▶ **STORED DATA**:
....
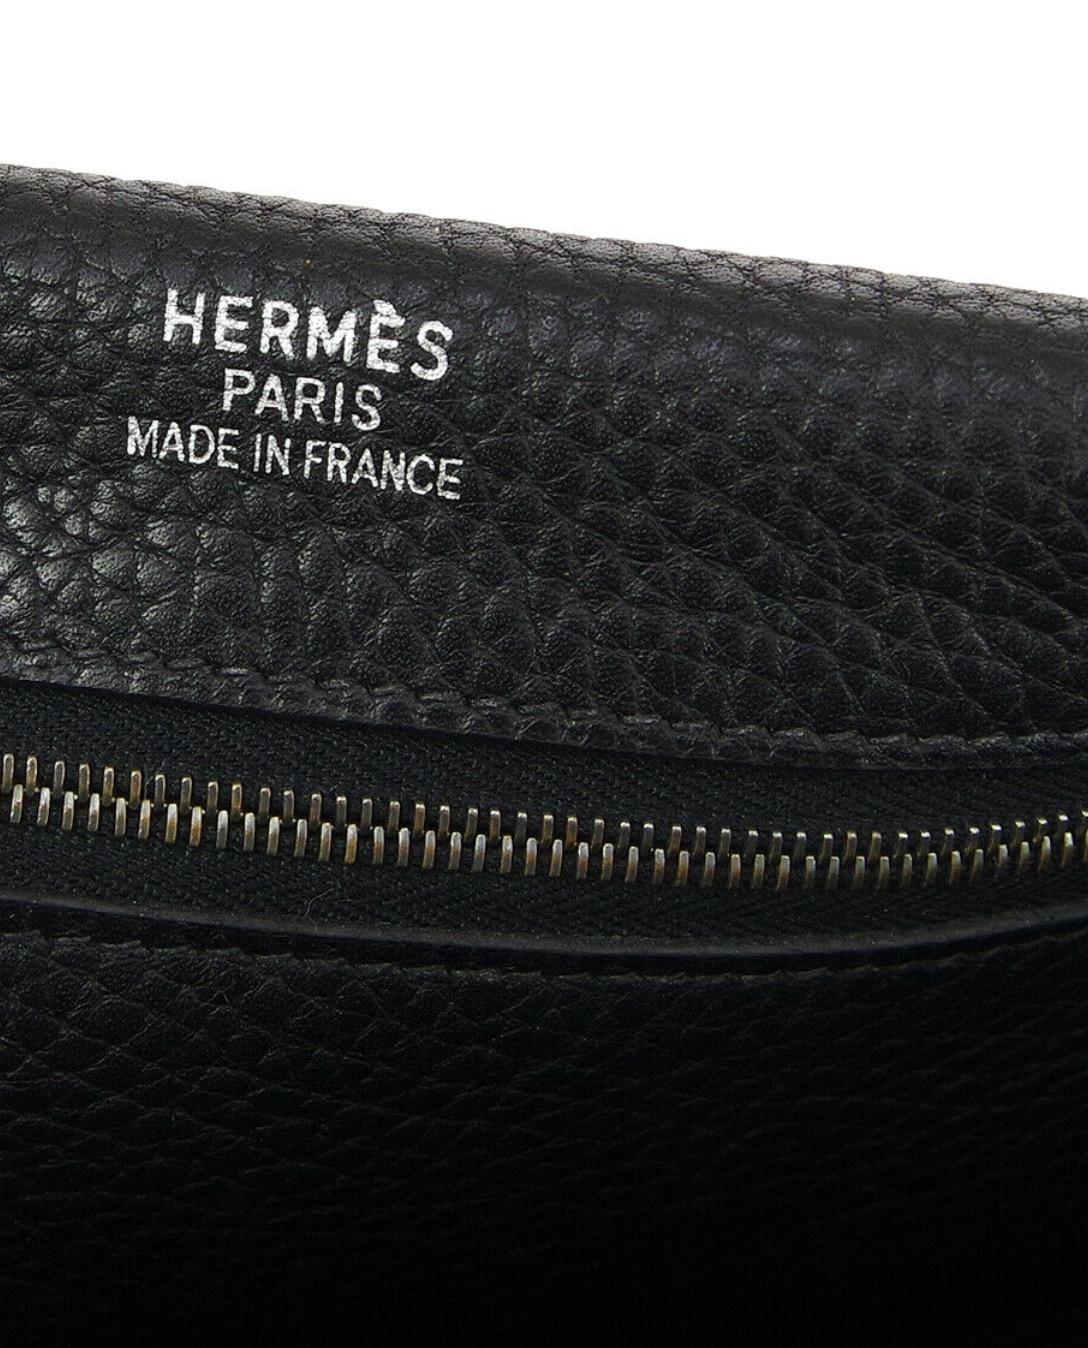 Hermes Black Leather Fabric Carryall Men's Women's Shoulder Crossbody Bag 2
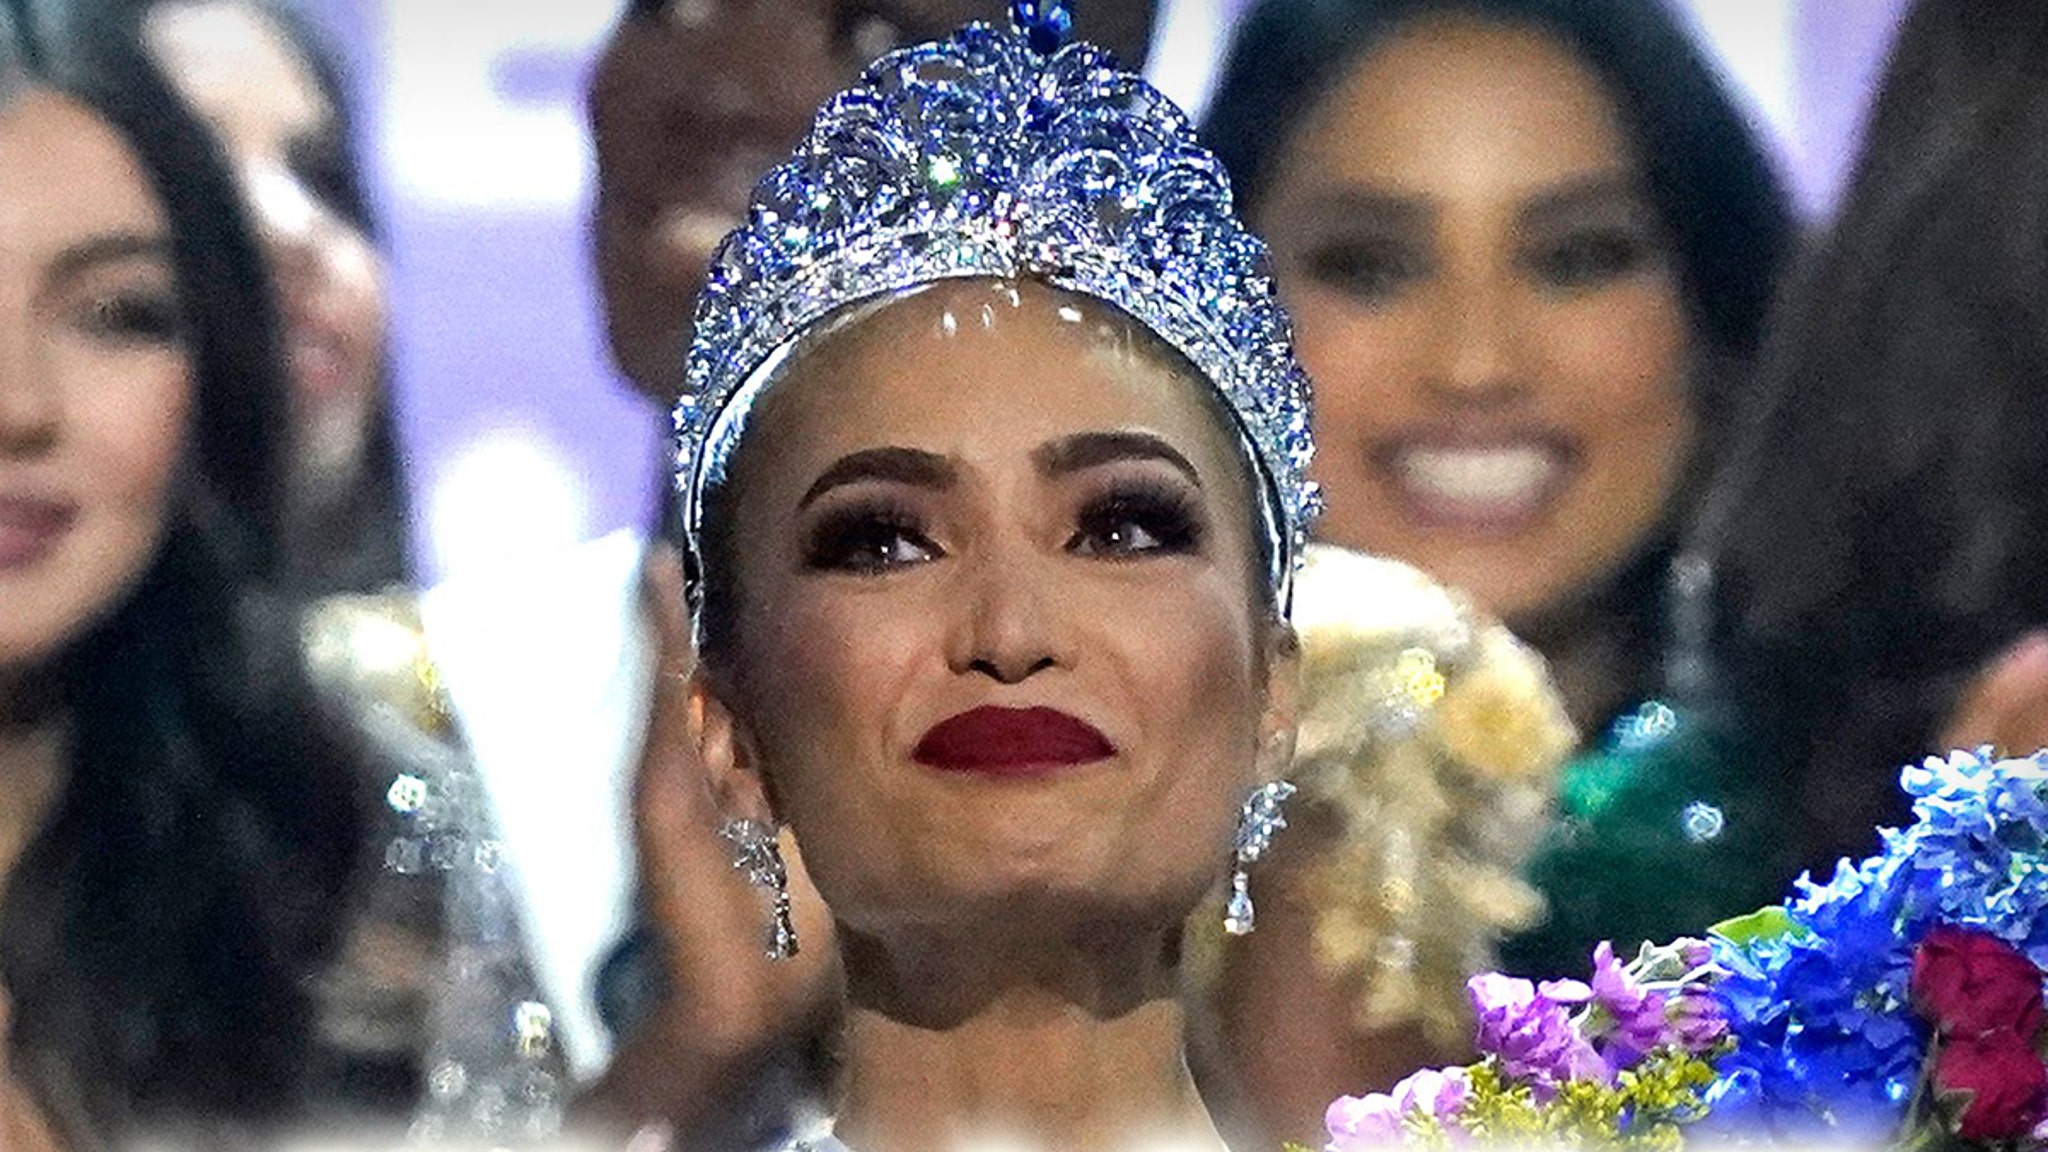 Giám đốc điều hành Hoa hậu Hoàn vũ cho biết kết quả đã được xử lý bởi bên thứ ba và phủ nhận rằng cuộc thi đã bị gian lận
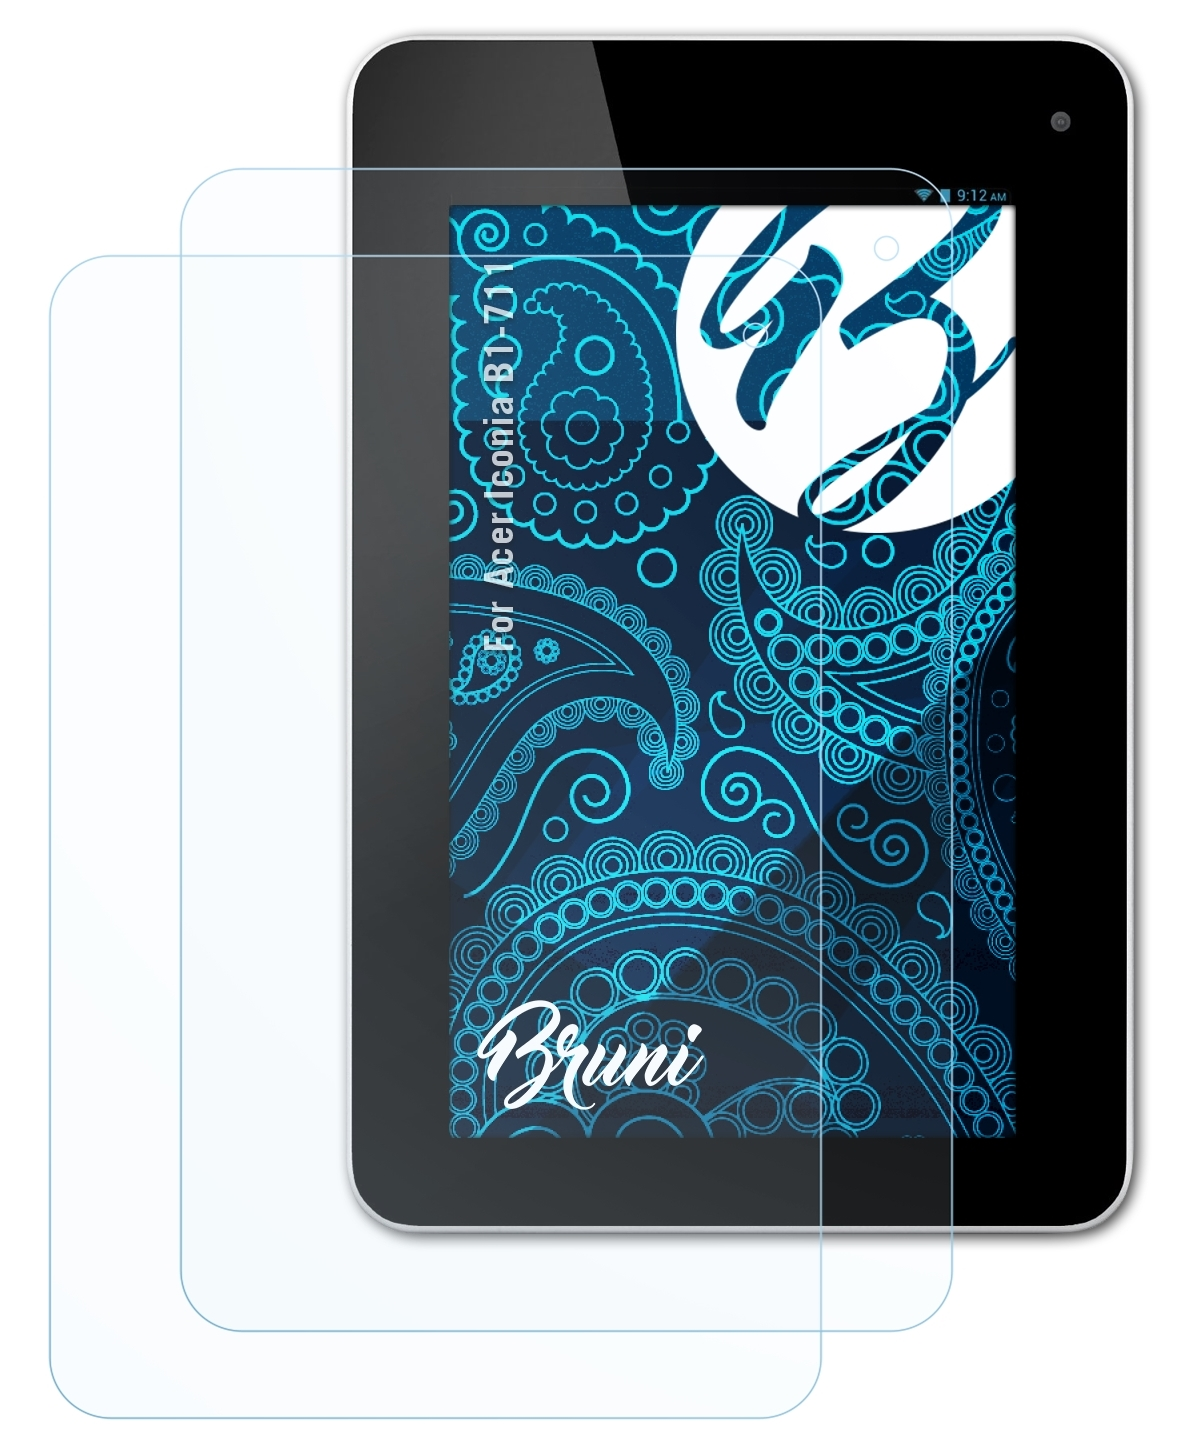 BRUNI 2x Basics-Clear Schutzfolie(für Acer Iconia B1-711)
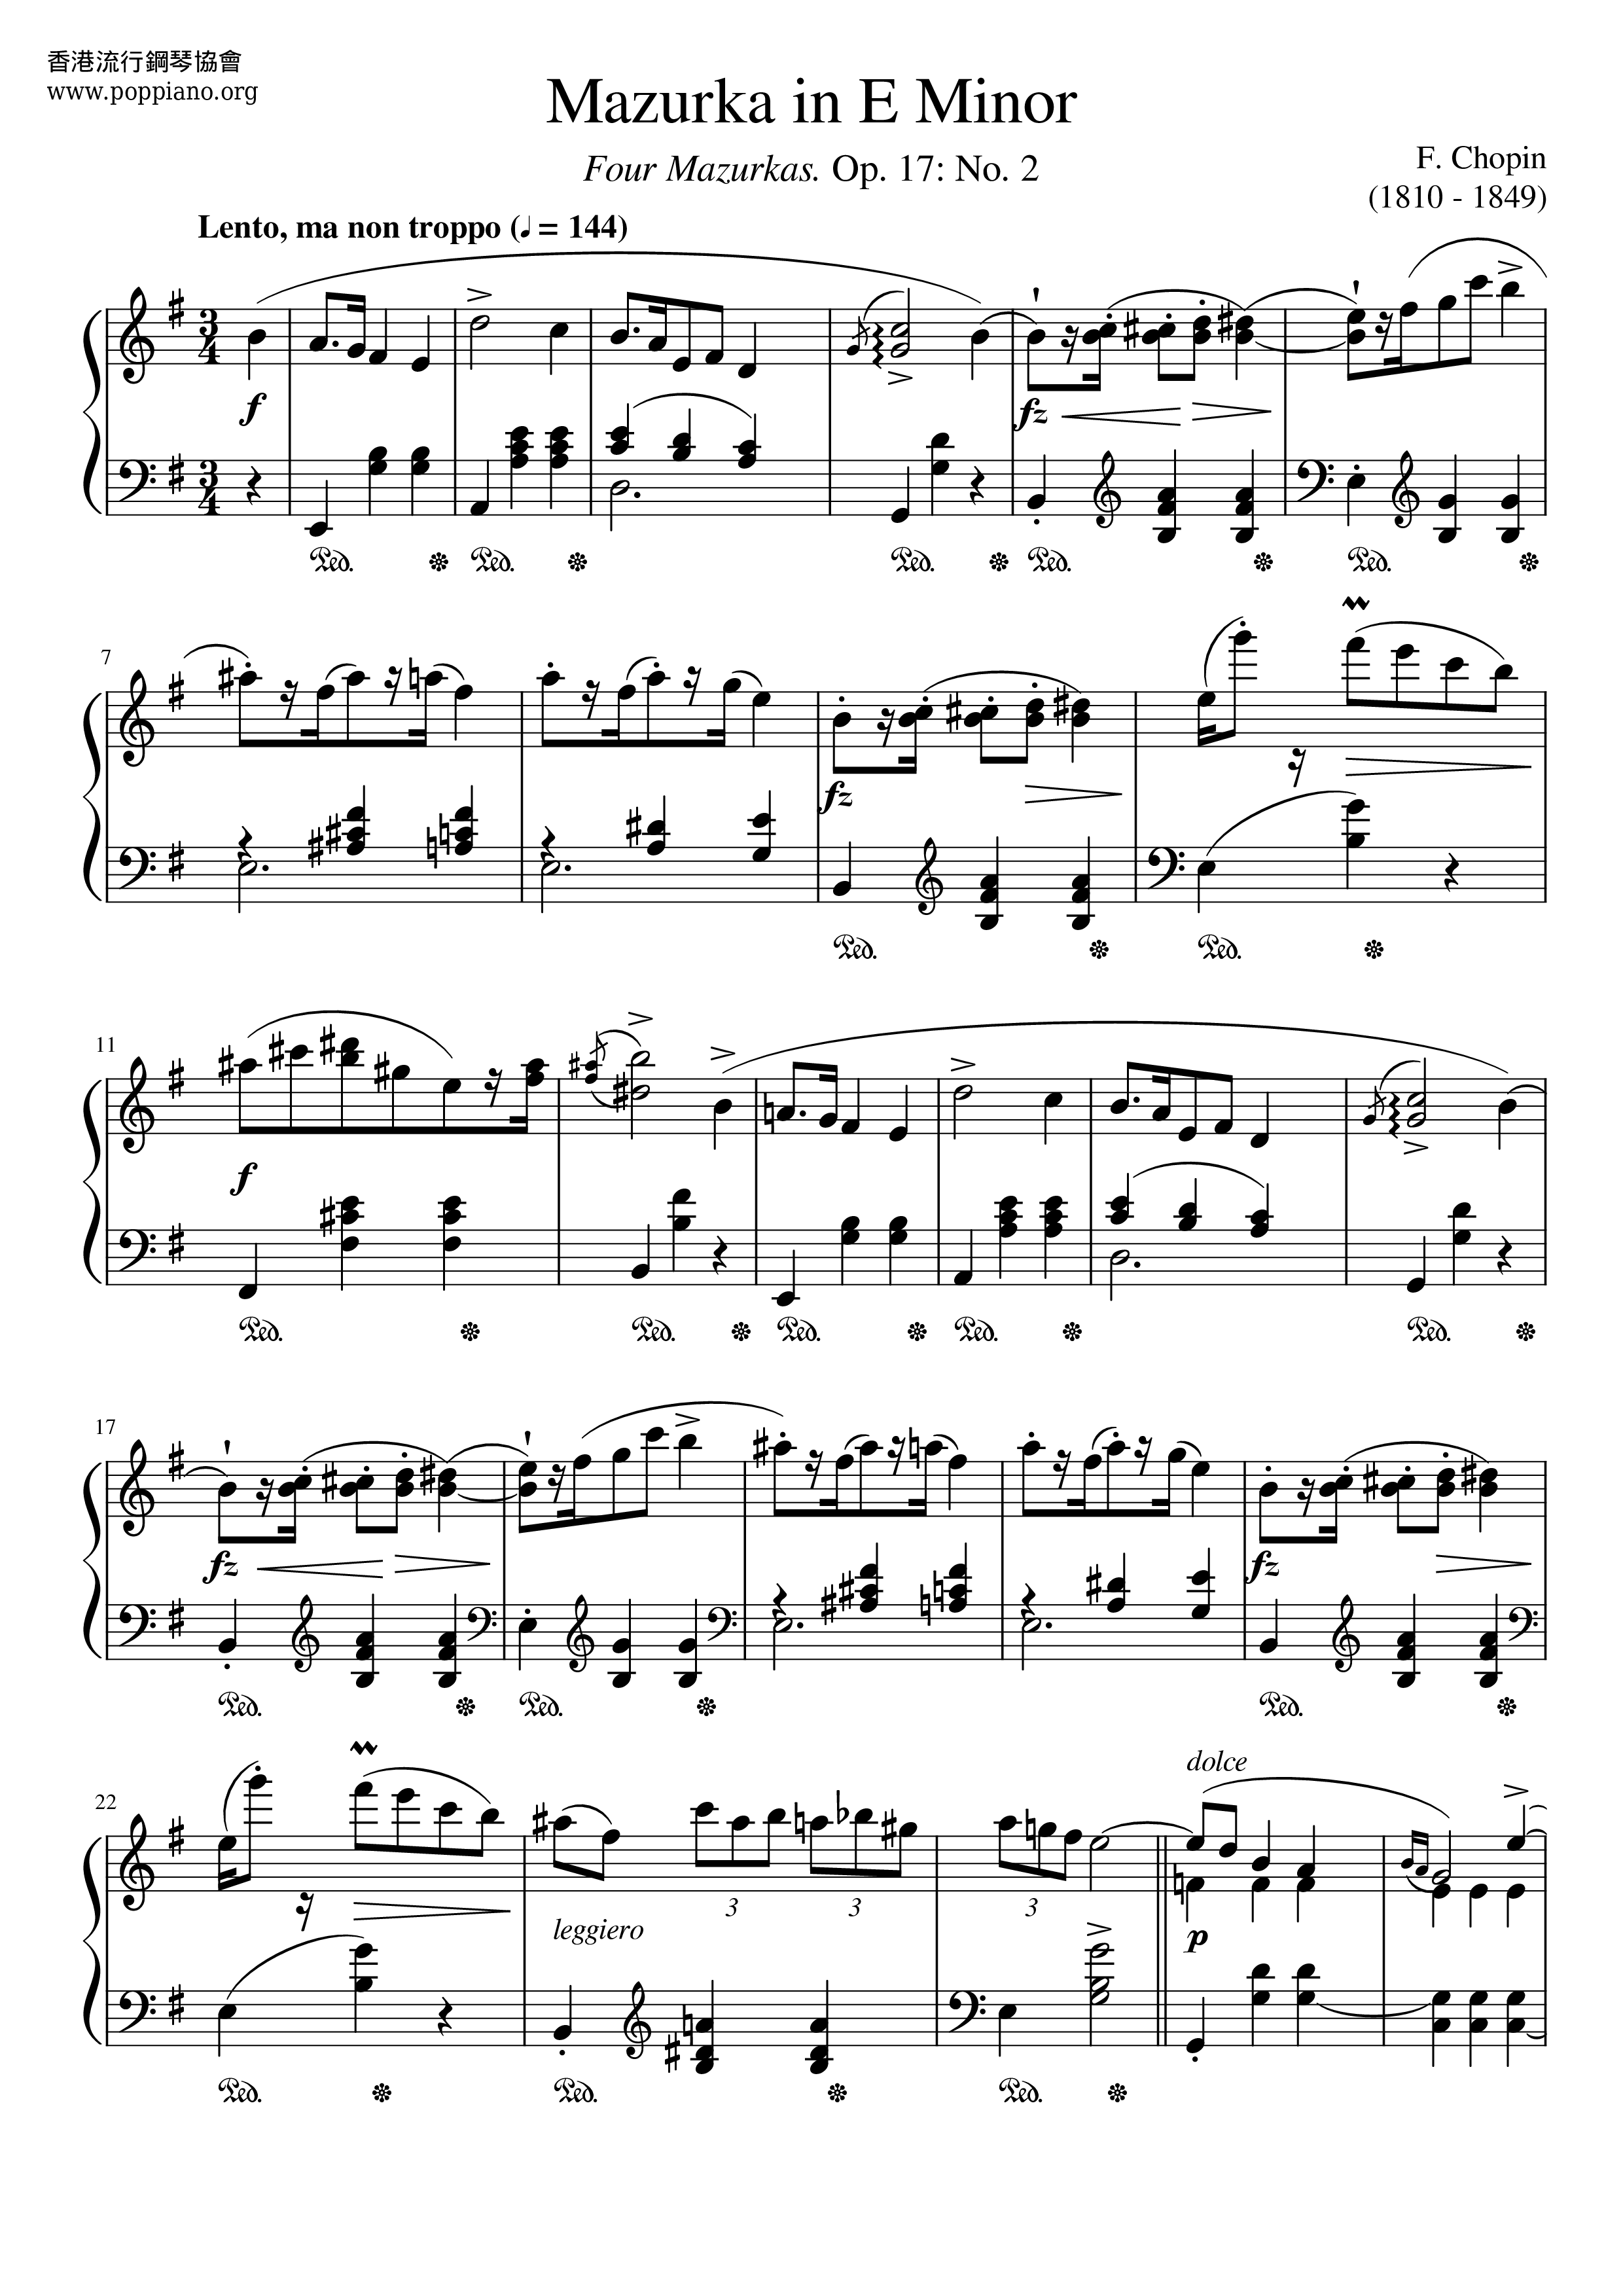 Mazurka In E Minor, Op. 17 No. 2 Score
....
▶ **PROBLEM DESCRIPTION**: Only the lines from the one containing "BRUNI 2x Basics-Clear" through the last line of the material are to be restated word for word; no picture is to be included.

▶ **EXERCISE ANSWER**:
 BRUNI 2x Basics-Clear Schutzfolie(für Acer Iconia B1-711)
 Mazurka In E Minor, Op. 17 No. 2 Score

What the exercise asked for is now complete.